My point is this: I think many of the stated benefits of the alternate keyboard layouts make some big assumption about typing habits and the way the stresses/pressures are distributed across fingers and hands. I am not even sure how many of them are completely scientific and how many of them are based on anecdotal evidence. But I have yet to see an analysis of alternate keyboard layouts that take into account the various ways in which people type other than touch-typing. There also appears to be a universal assumption that touch-typing is the best way to type. I also would love to be pointed to studies that prove this scientifically. I certainly find using my strongest fingers to type a lot less stressful than touch-typing. It is not entirely error free, but occasional use of the backspace key won't bother most people using computers rather than typewriters.
The poor qwerty layout receives little love from most people who have analyzed functional keyboard layouts and typing enthusiasts who have embraced alternate layouts; but it may be pertinent to note that there are millions of people across the world for whom qwerty is branded into their muscle memory after years of typing and who have learnt to work around its inefficiencies and disadvantages in spite of so many strong contenders to replace it with something better and more efficient over the decades. I think unlearning something as fundamental as typing technique is a bigger deal than people make it out to be.
My belief is that typing stress is relieved more by using ergonomic keyboard designs combined with mechanical keyswitches for tactile feedback and less force per keypress rather than the functional layout itself. Of course a lot of touch typists will disagree and I actually think both viewpoints are right at different levels.
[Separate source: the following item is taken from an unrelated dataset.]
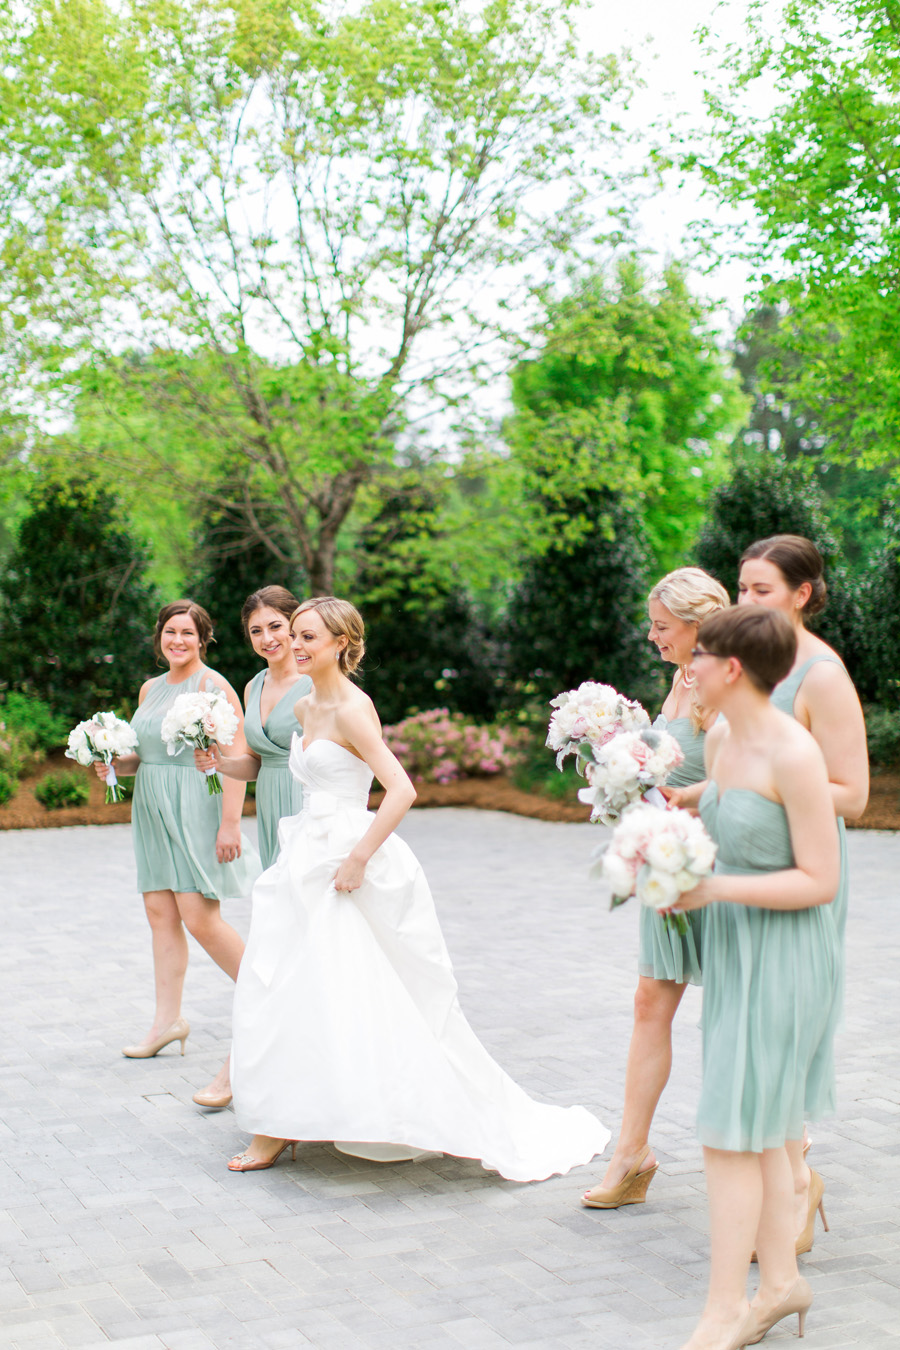 Bridesmaids in Mint Dresses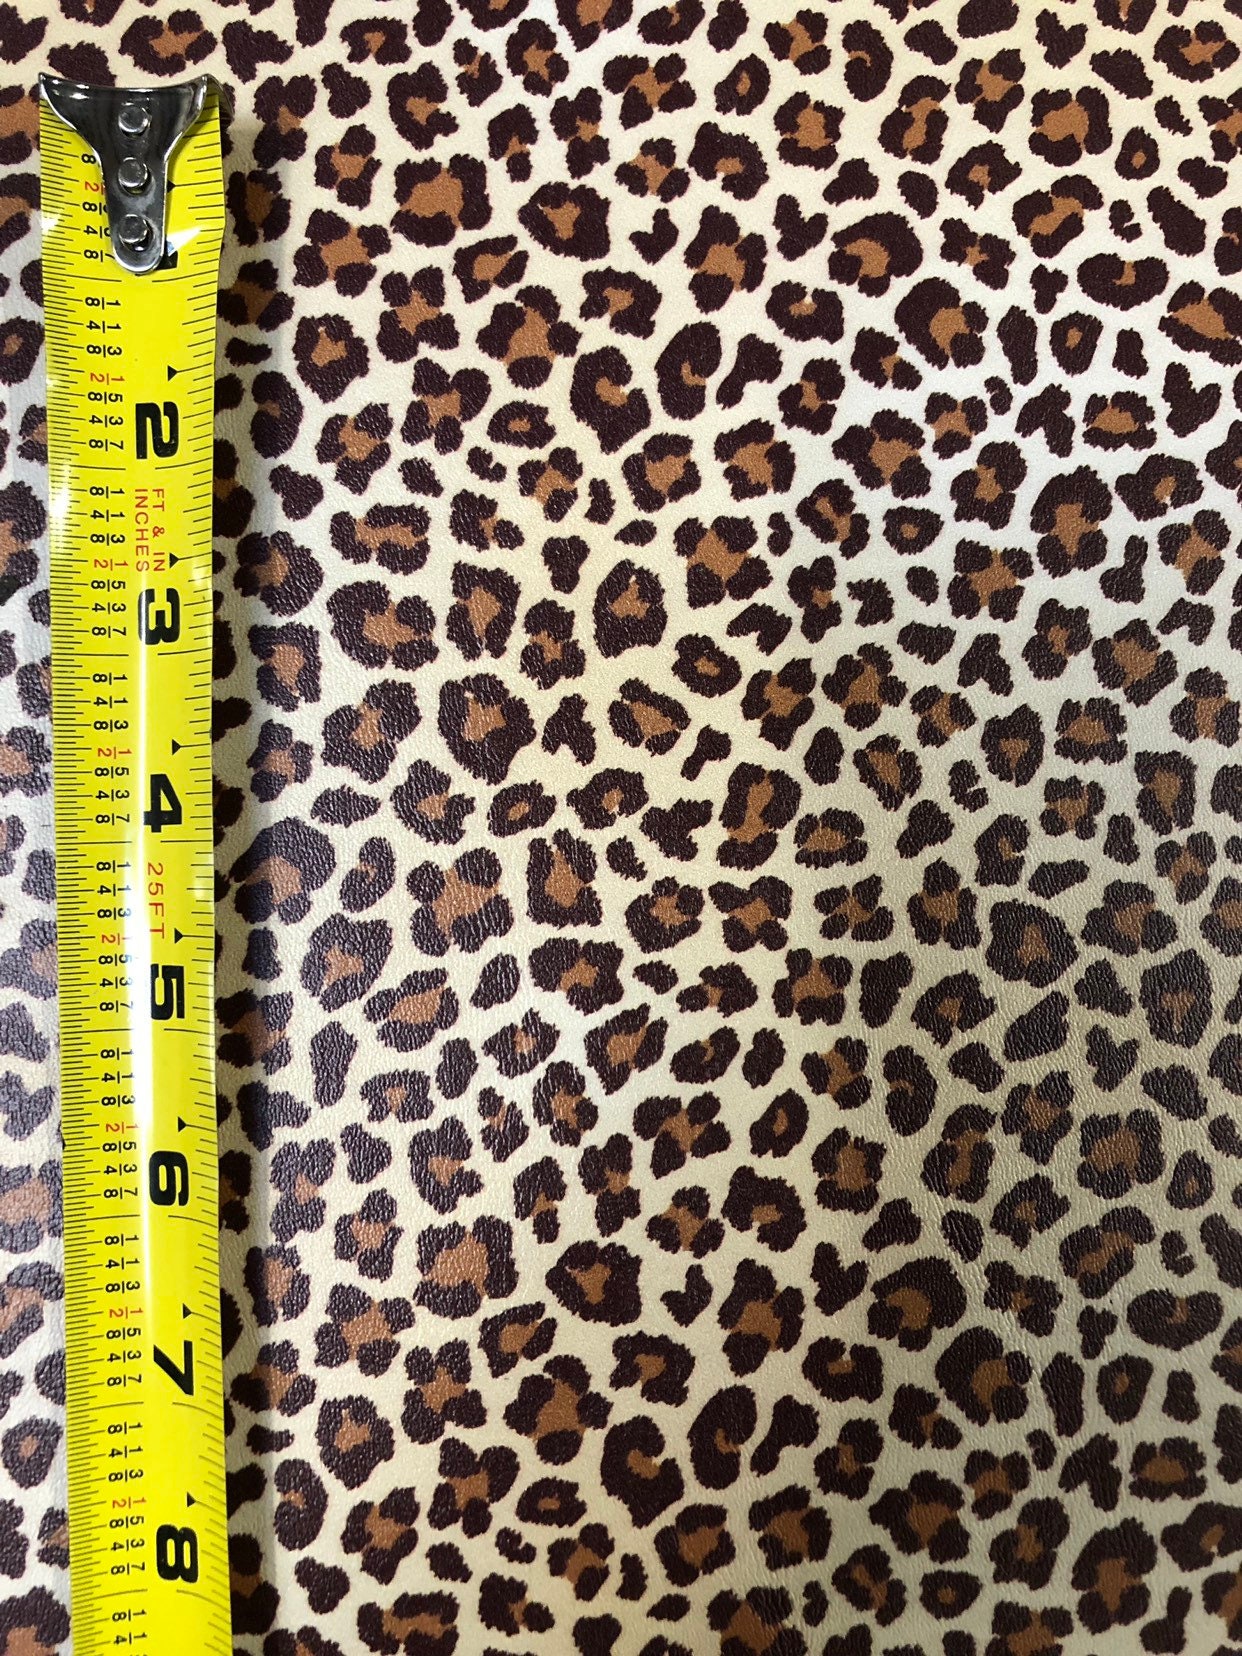 Marine Vinyl Yard Cheetah Upholstery Vinyl Faux Leather | Etsy

So if you are going to learn an alternate functional layout, I think it is important to consider whether you are a touch-typist or not. I think many of the stated issues of qwerty are not fully relevant to people who do not touch type and that learning to touch type is a separate and non-trivial skill in itself, which combined with learning an alternative layout (a layout that takes full advantage of touch typing techniques). can be a stressful, daunting task with a high learning curve. For non-touch typists alternate keyboard layouts may not be beneficial enough to make the switch.